Patent Data
The Patent Data page is for instructions on how to get the USPTO patent data, how to use the database, and for the documentation of our database.
Contents
ER diagram
Downloading the files
The files (in xml format) for granted patent data can be obtained at granted patent
The files for patent application data can be obtained at patent applications
The files for maintenance fees data can be obtained at maintenance
Scripts are available to perform a bulk download of all the above files
These scripts can also be found under /bulk/Software/download\ scripts ("E:\Software\download scripts")on McNair RDP:
Script to download patent application data from 2001-2004
Script to download patent application data from 2005-2015
Script to download patent grant data from 1976-2000
Script to download patent grant data from 2001-2004
Script to download patent grant data from 2005-2015
To use the scripts, save the scripts as shell scripts, then either
$ sh Applications_download_2001-2004.sh
or first change the script to an executable and execute it
$ chmod a+x Applications_download_2001-2004.sh $ ./Applications_download_2001-2004.sh
Notice there will be several hundreds of .zip files of size ~100mb getting downloaded so the process might take a while. When all the files are downloaded, unzip all of them using
$ unzip *.zip
XML Schema Notes
Tags we are using:
- CPC Classification: https://en.wikipedia.org/wiki/Cooperative_Patent_Classification
Tags we aren't using:
- Kind codes: http://www.uspto.gov/learning-and-resources/support-centers/electronic-business-center/kind-codes-included-uspto-patent
- Series codes: http://www.uspto.gov/web/offices/ac/ido/oeip/taf/filingyr.htm
Parsing and Processing the XML files
The ParserSpliter.pl script will first split a large Patent Data XML file into smaller XML files, one for each patent data. And it will then parse and process each Patent Data XML file.

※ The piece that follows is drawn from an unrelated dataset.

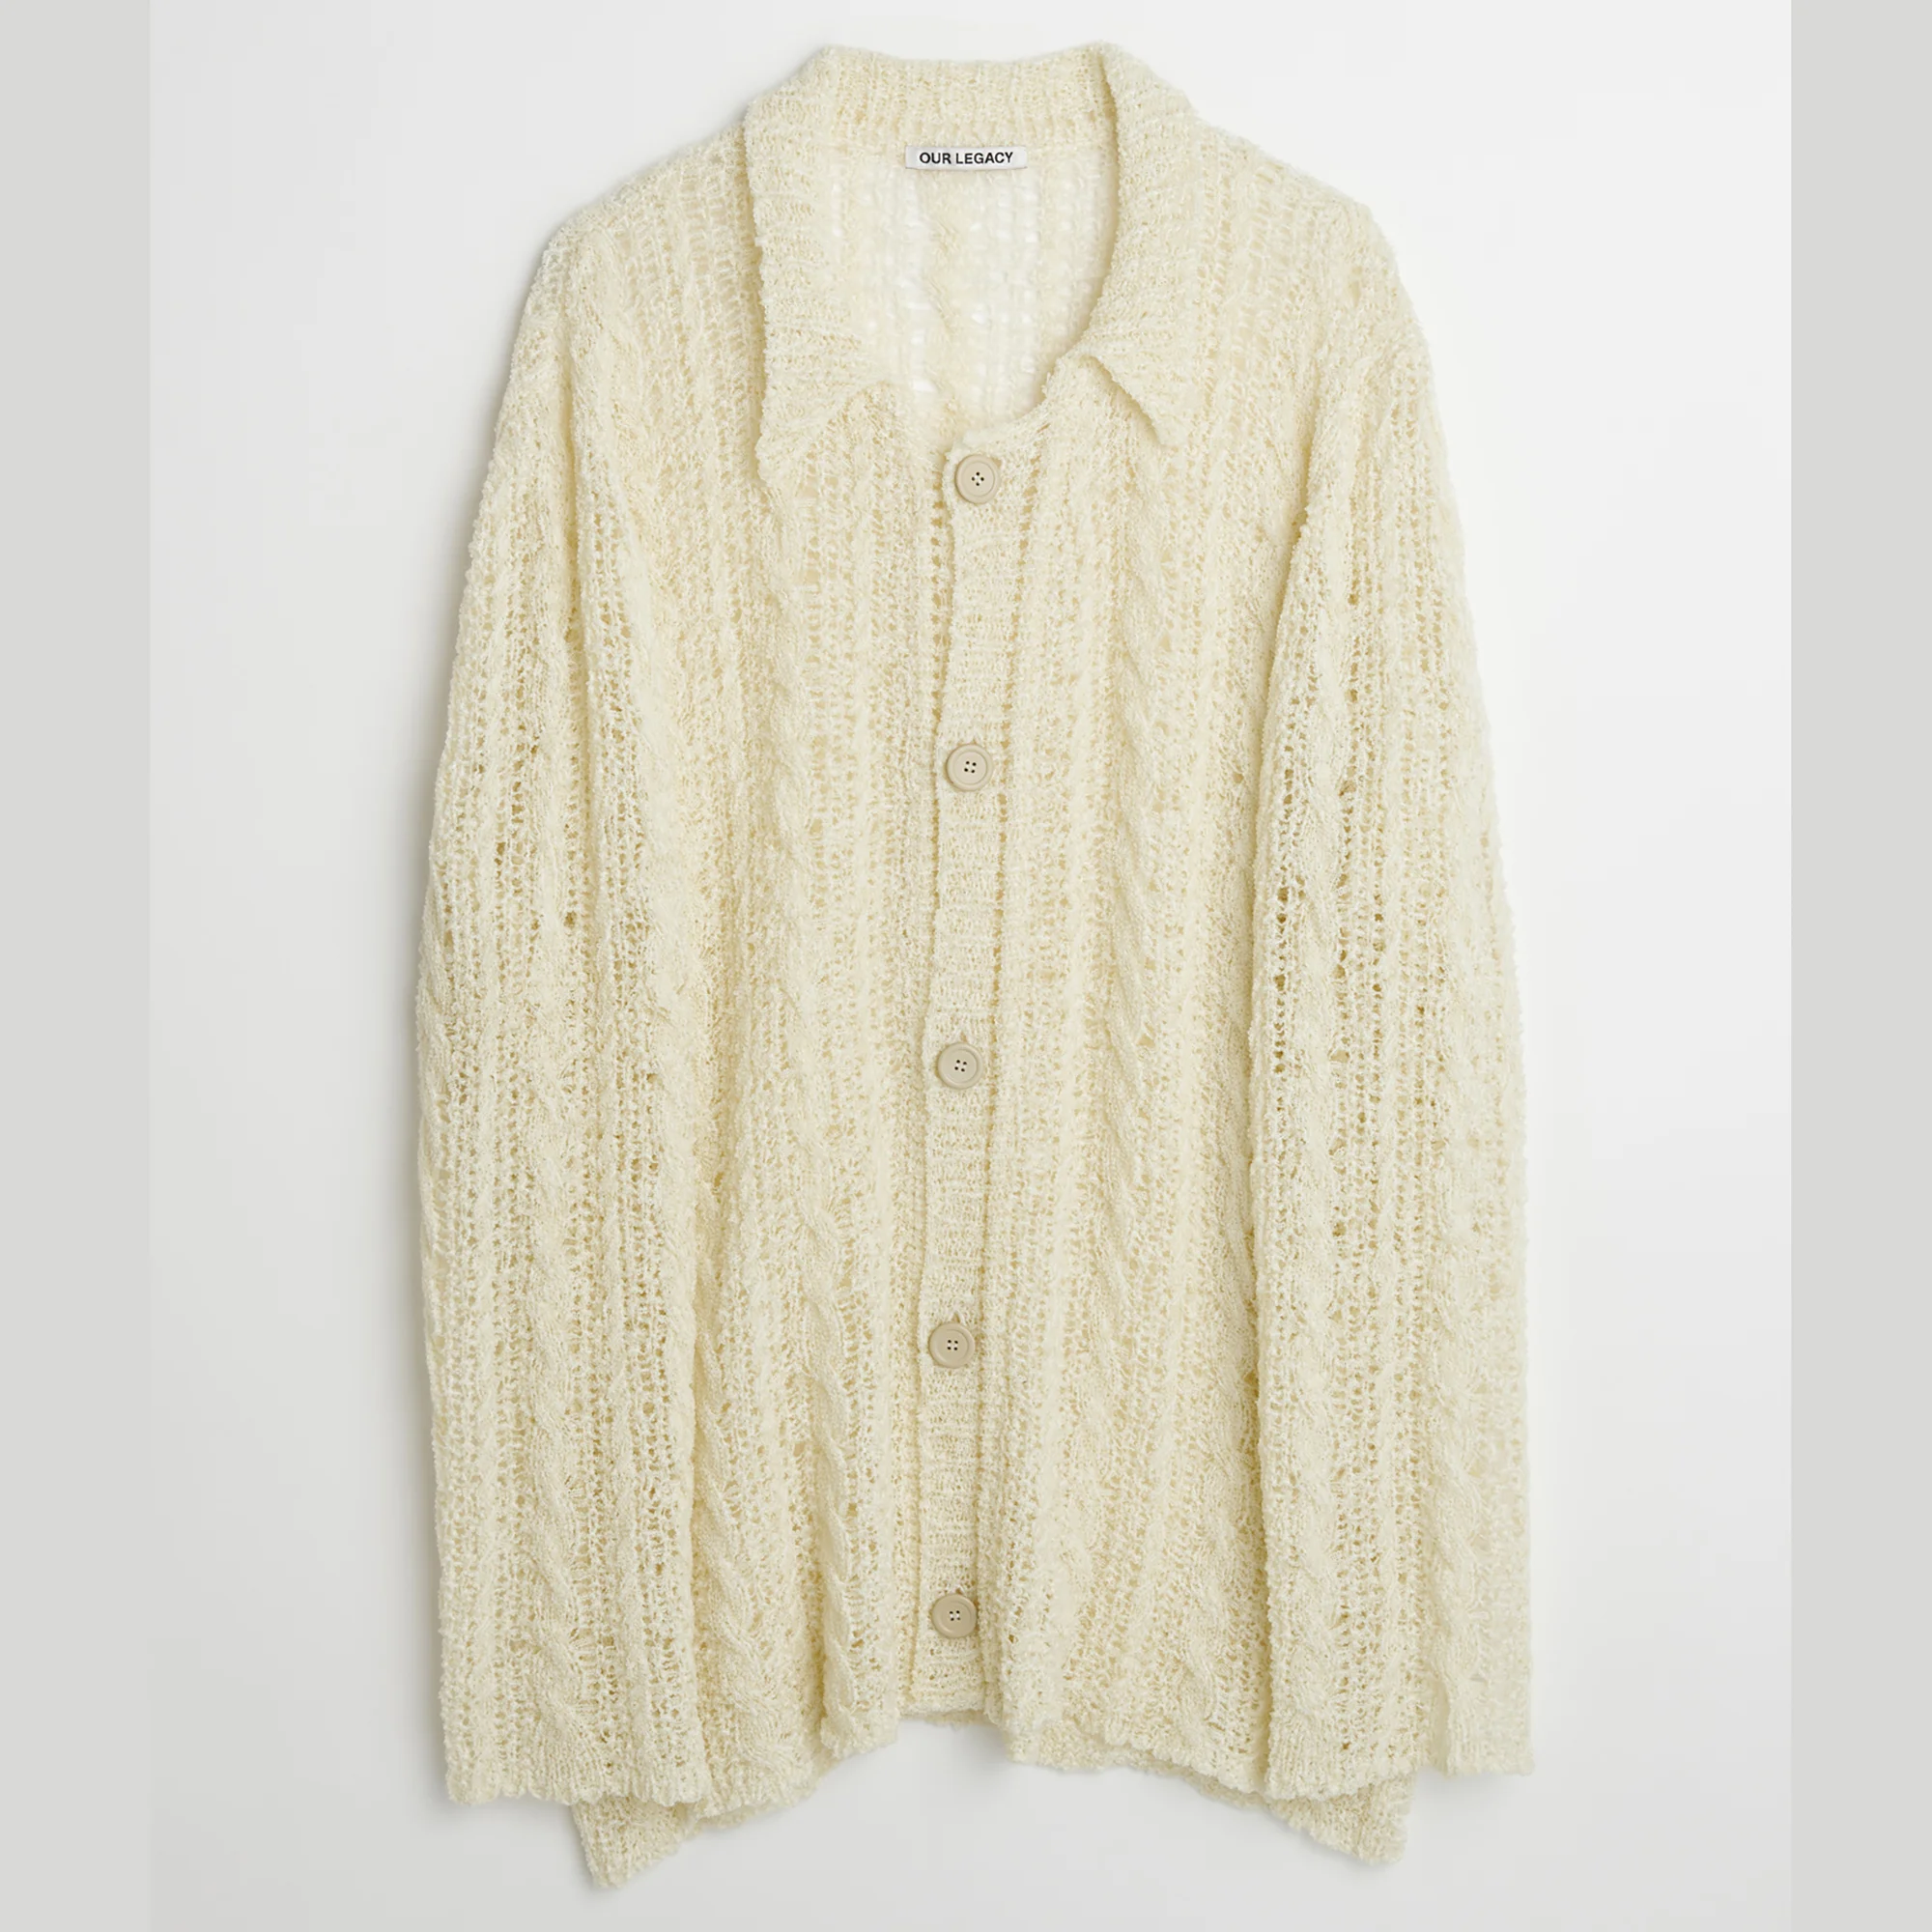 Our Legacy Big Sheer Cable Knit Cardigan Image 1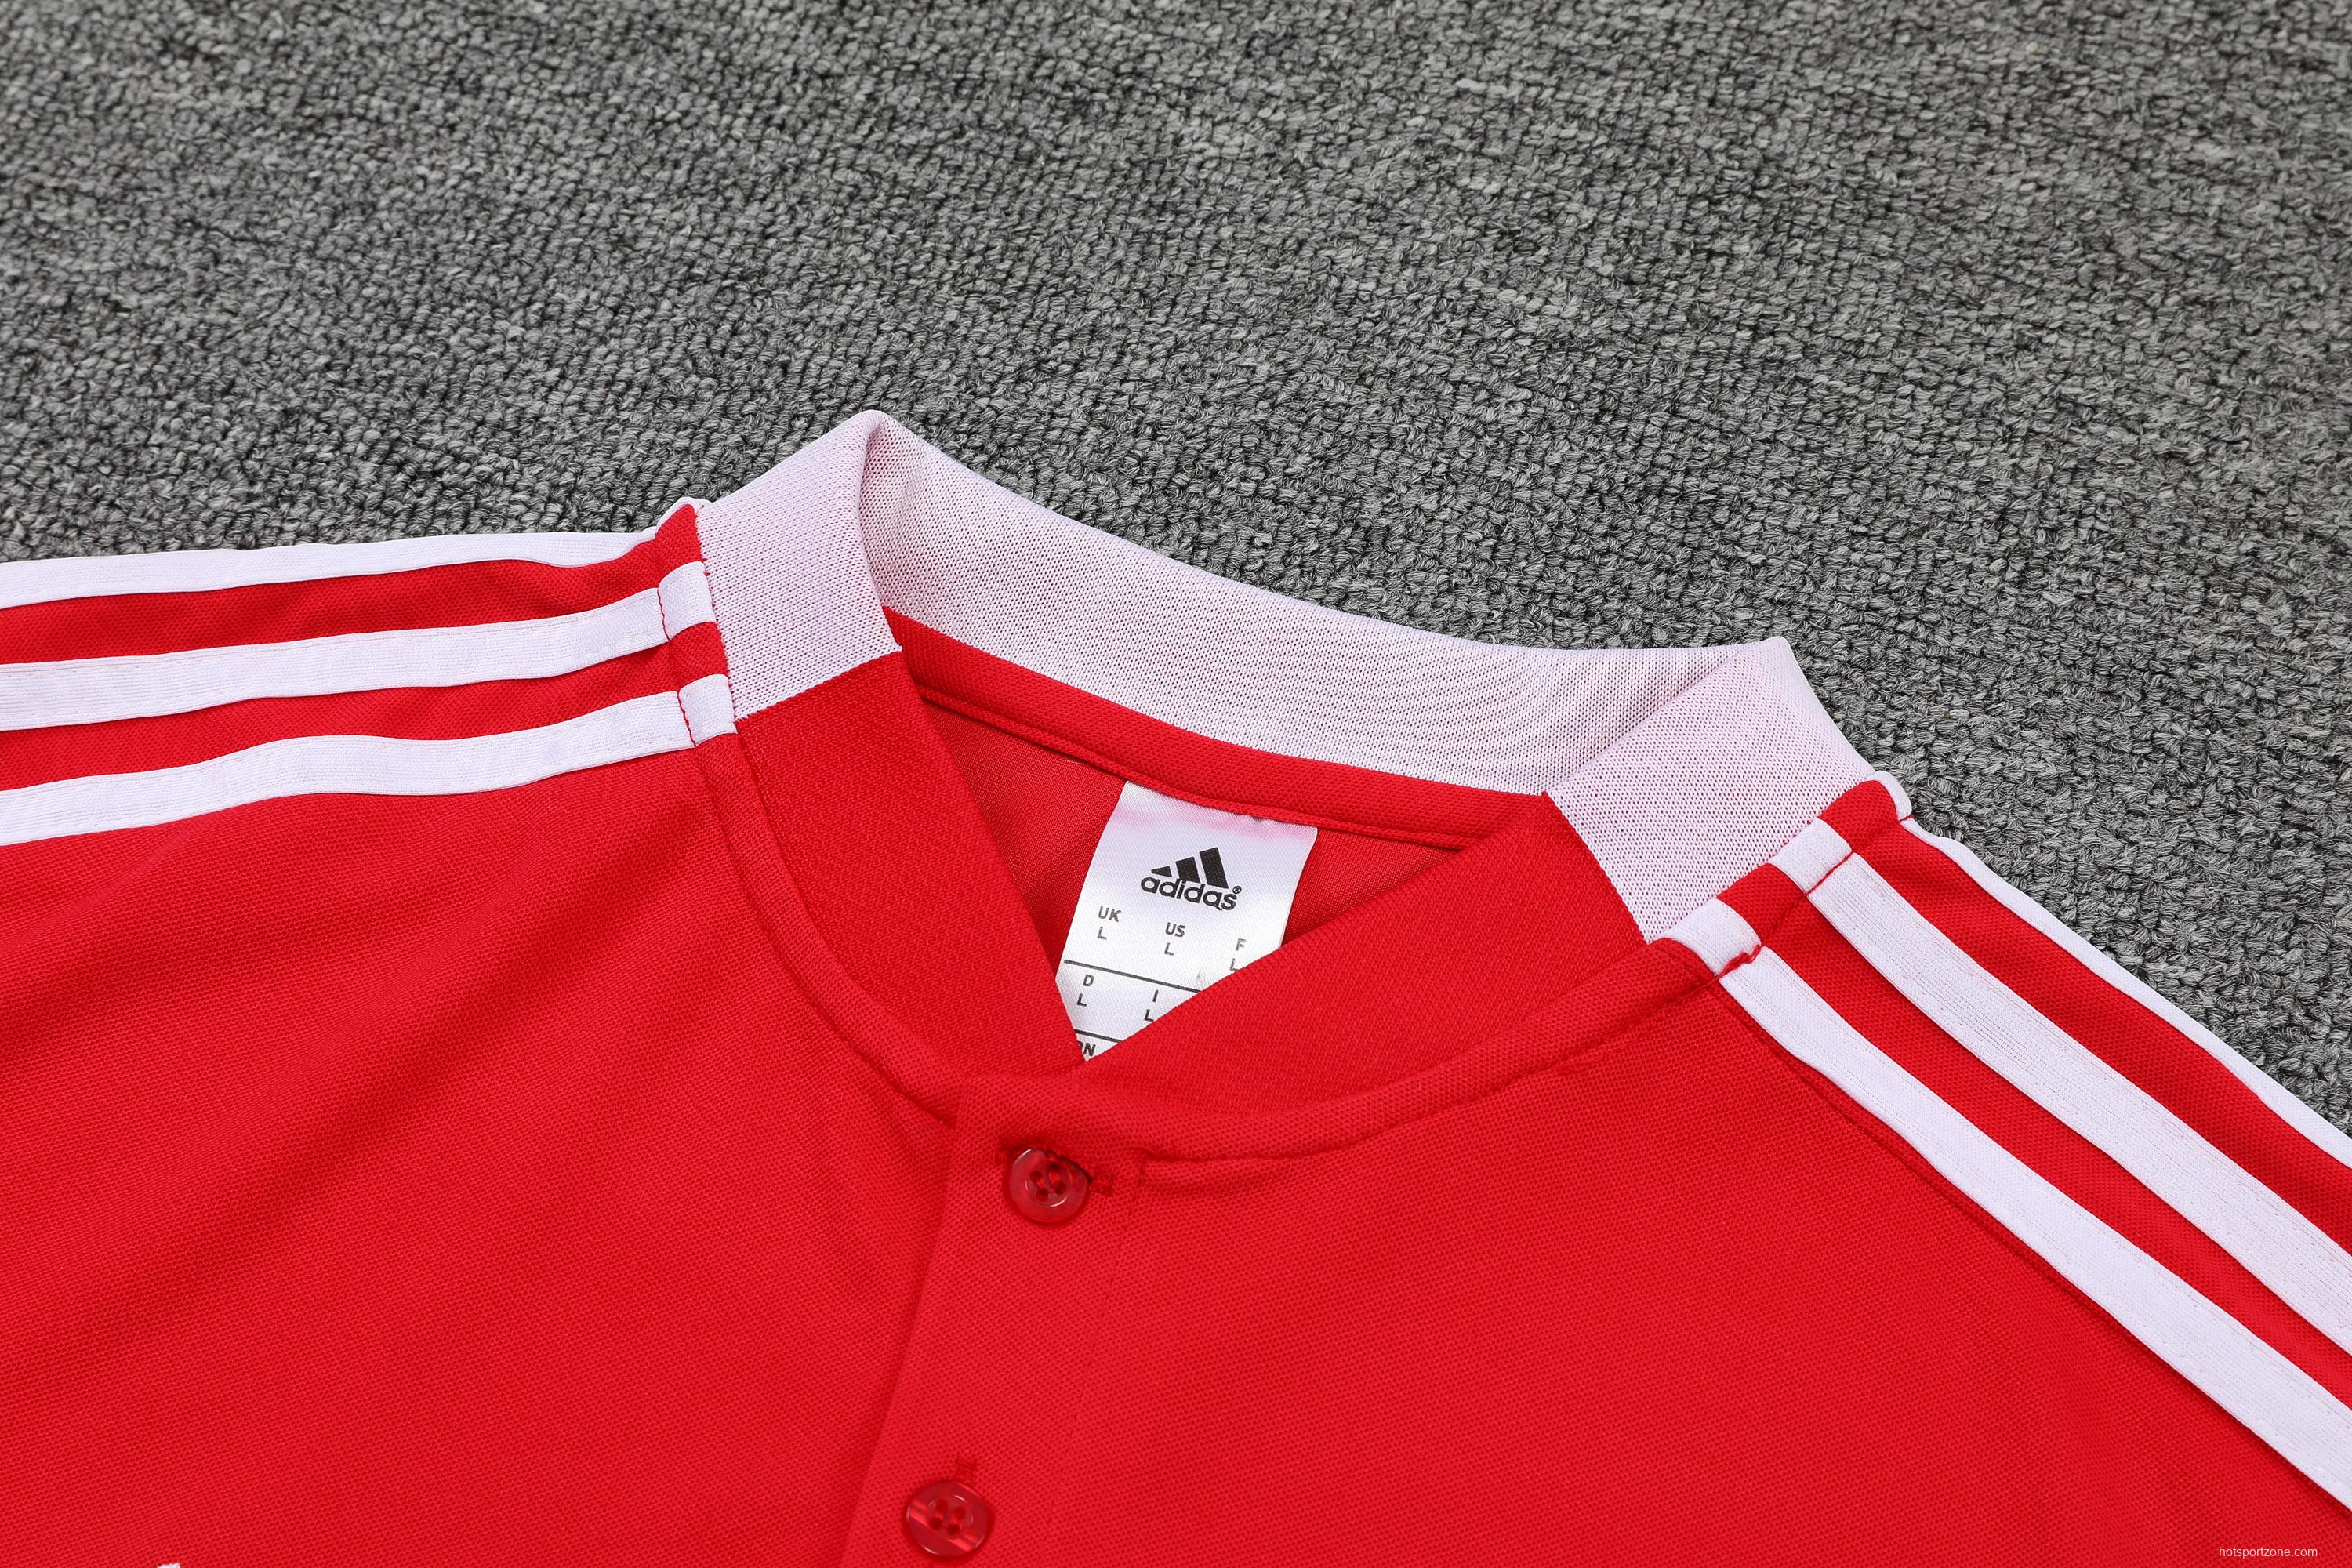 Ajax POLO kit Red (not supported to be sold separately)

Some of the files are somehow mal-formatted, and will be moved to a ./failed_files directory If you add a character anywhere in these files, they somehow become fine to be processed by the script.
In order to use this script, you will need to have XML::Simple and Try::Tiny installed.
Open up CPAN shell:
$ perl -e shell -MCPAN
Install:
cpan[0]> install XML::Simple cpan[1]> install Try::Tiny cpan[2]> install Switch
Once the packages have been installed, use the script like the following example:
perl PatentParser.pl -file=ipa150319_small.xml
Other Resources
Documentations for the xml files
New Notes
The source files have transitioned from here:
- https://www.google.com/googlebooks/uspto-patents-grants-text.html (No longer maintained)
To:
- https://bulkdata.uspto.gov/ (includes 2016 data)
The historic data is the same both sides.
Each file contains, in order, sorted by document ID:
- Design patents (we will discard)
- Plant patents (we will discard)
- Reissues (we probably want them)
- Utility patents (we want them)
The classifications in the XML file are:
- IPC - these are good and we just need the main classification
- CPC - as above
- USPC - just a numeric but not split. Is 22431 224/31 or 22/431, etc.
Scripts
All the scripts related to the patent Data are at:
\\father\bulk\Software\Scripts\Patent
USPTO_Parser.pl will parse the USPTO website and downloads the concatenated xmls to:
\\father\bulk\PatentData
It should be run as follows
USPTO_Parser.pl year1 year2
Gets the data from year1 to year2
Splitter.pl will split those concatenated xmls into individual xmls into:
\\father\bulk\PatentData\Processed
Fields of Interest
We only care about Utility patents (and maybe Reissue patents too)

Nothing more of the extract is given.